I suppose it is conceivable that a universe might be just matter flattening onto the surface of a rotating black hole, in which case, we might be the solution to the question of whether information is lost when it enters one. I wondered about that years ago. It would yield, I think, a spreading, but very flattened, universe. The universe would then tend to acquire the rotational velocity of the black hole, though not all at once. But I wonder why there wouldn't be a directional gravitational bias, if slight. It should be measurable.
If the above is ever proven true, Sabine will no doubt be pleased that there might be no free will.
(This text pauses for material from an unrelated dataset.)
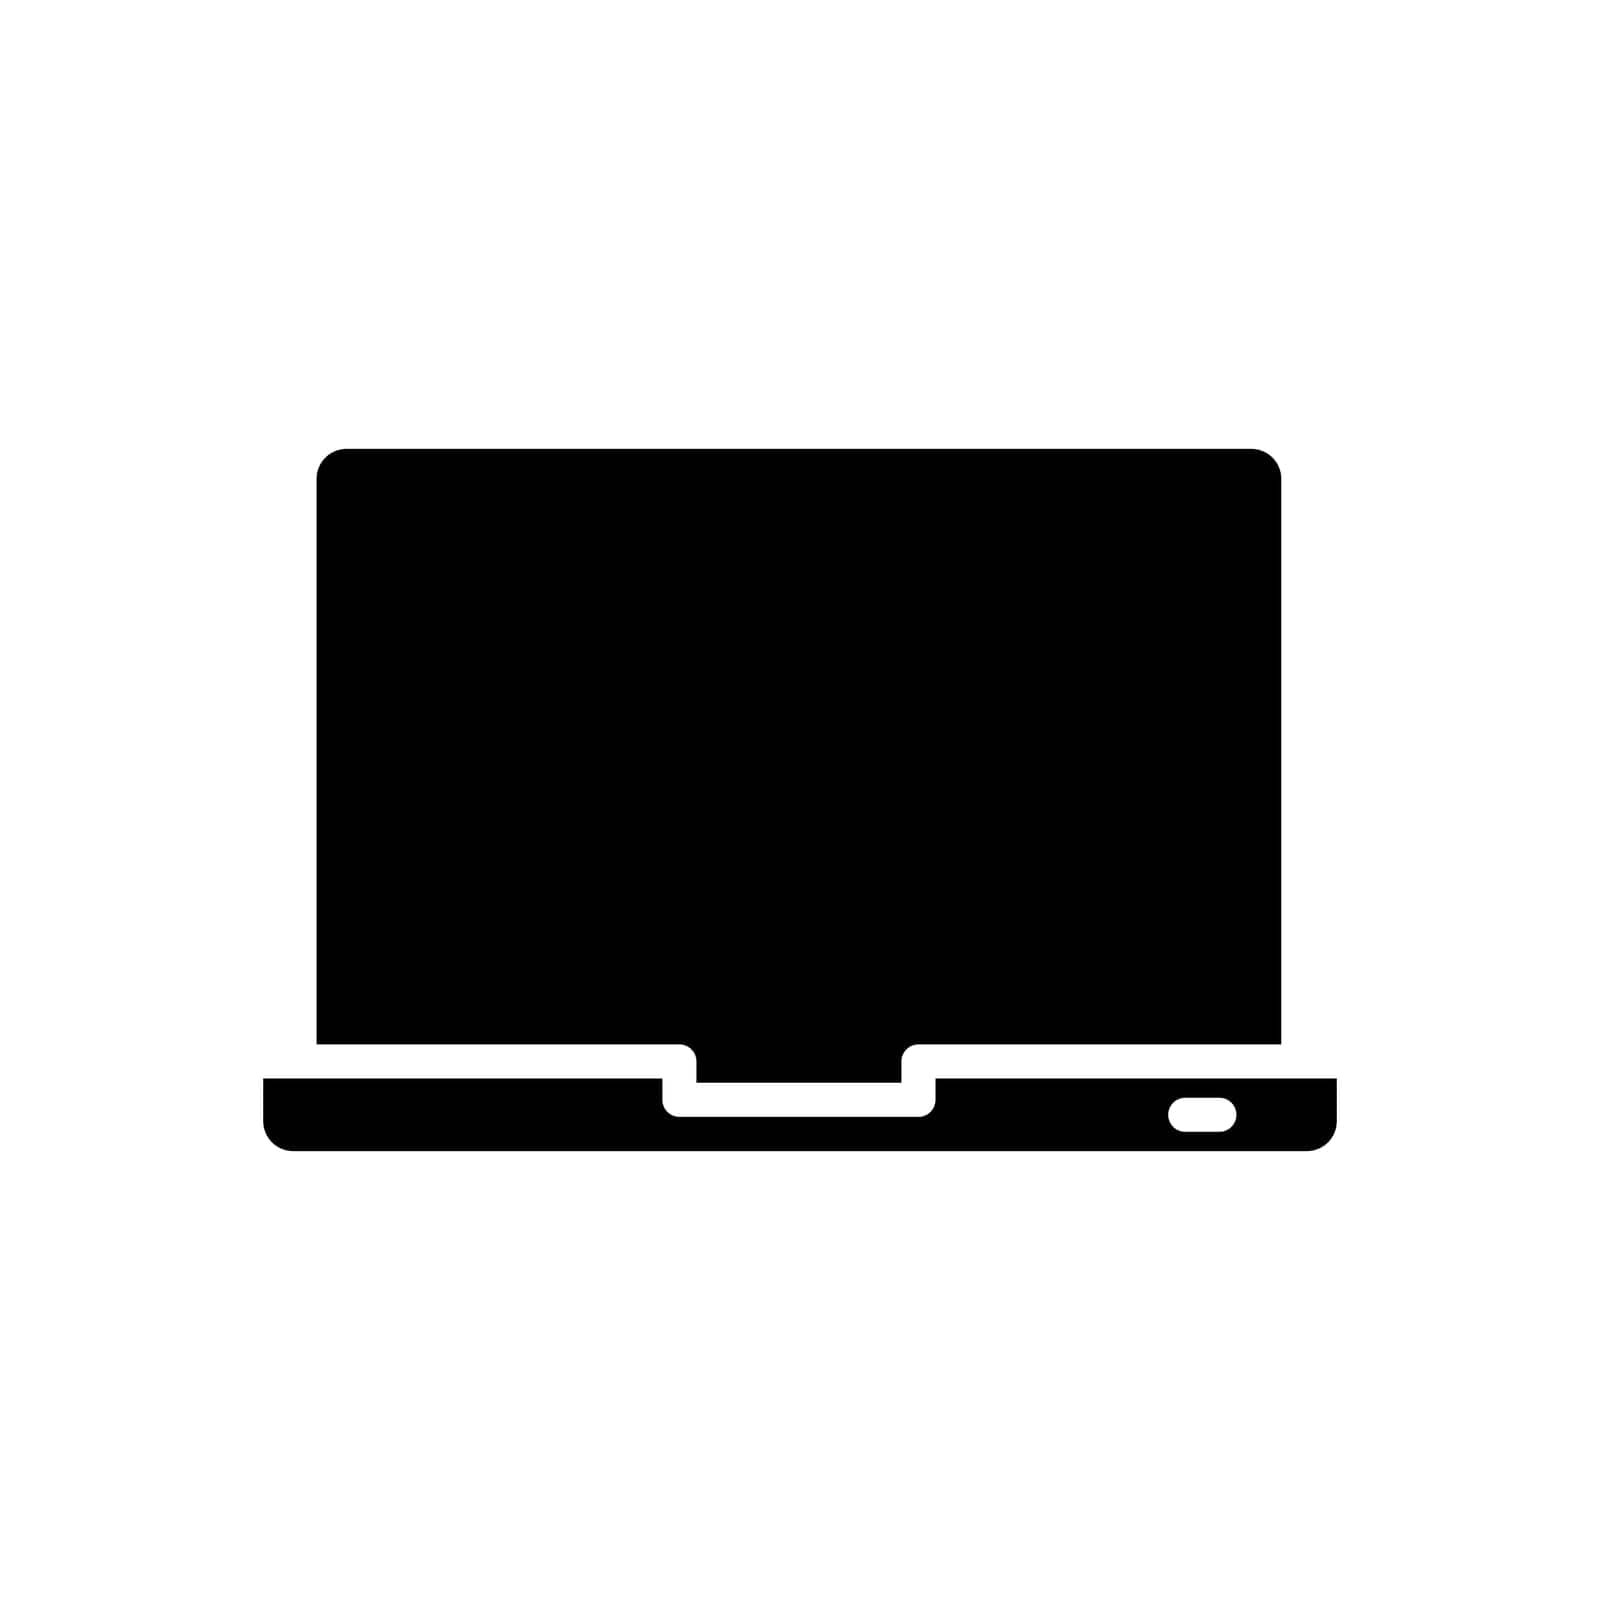 Laptop glyph vector icon isolated on white background. Laptop glyph vector icon for web, mobile and ui design

It seems like, if you're a holographic universe replaying events of a past universe, then the whole darned universe got sucked into a black hole, not just a planet or two, and a black hole becomes a surface broadcasting holograms which look like what we see.
If that is the case, what can we say about smaller, local black holes? Are they replaying solar and planetary inputs? Where?
It would seem like, if there is replaying going on, it would be inside of the event horizon, although there is black hole radiation, so what do I know about that?
On the plus side, the information paradox would seem to disappear altogether. Yay, no paradox.
But then we are possibly living through the replaying of what happened to a doomed universe. Cheery.
And the passage of time is perhaps then underpinned by the rotation of a gargantuan black hole playing out a dead universe's data. Then local black holes should be altering the rate of the passage of time somewhat. Is the passage of time somehow coupled to the rotational rate of a gargantuan black hole, modified and localized by the presence of matter? Is its arrow fixed because of a gargantuan black hole's rotation? Hm. Could time have angular momentum?
I have officially reached peak coffee for today. Back to debugging misbehaving video game bots. Hey, if this is a black hole rerun, I've fixed them already. Woo-hoo!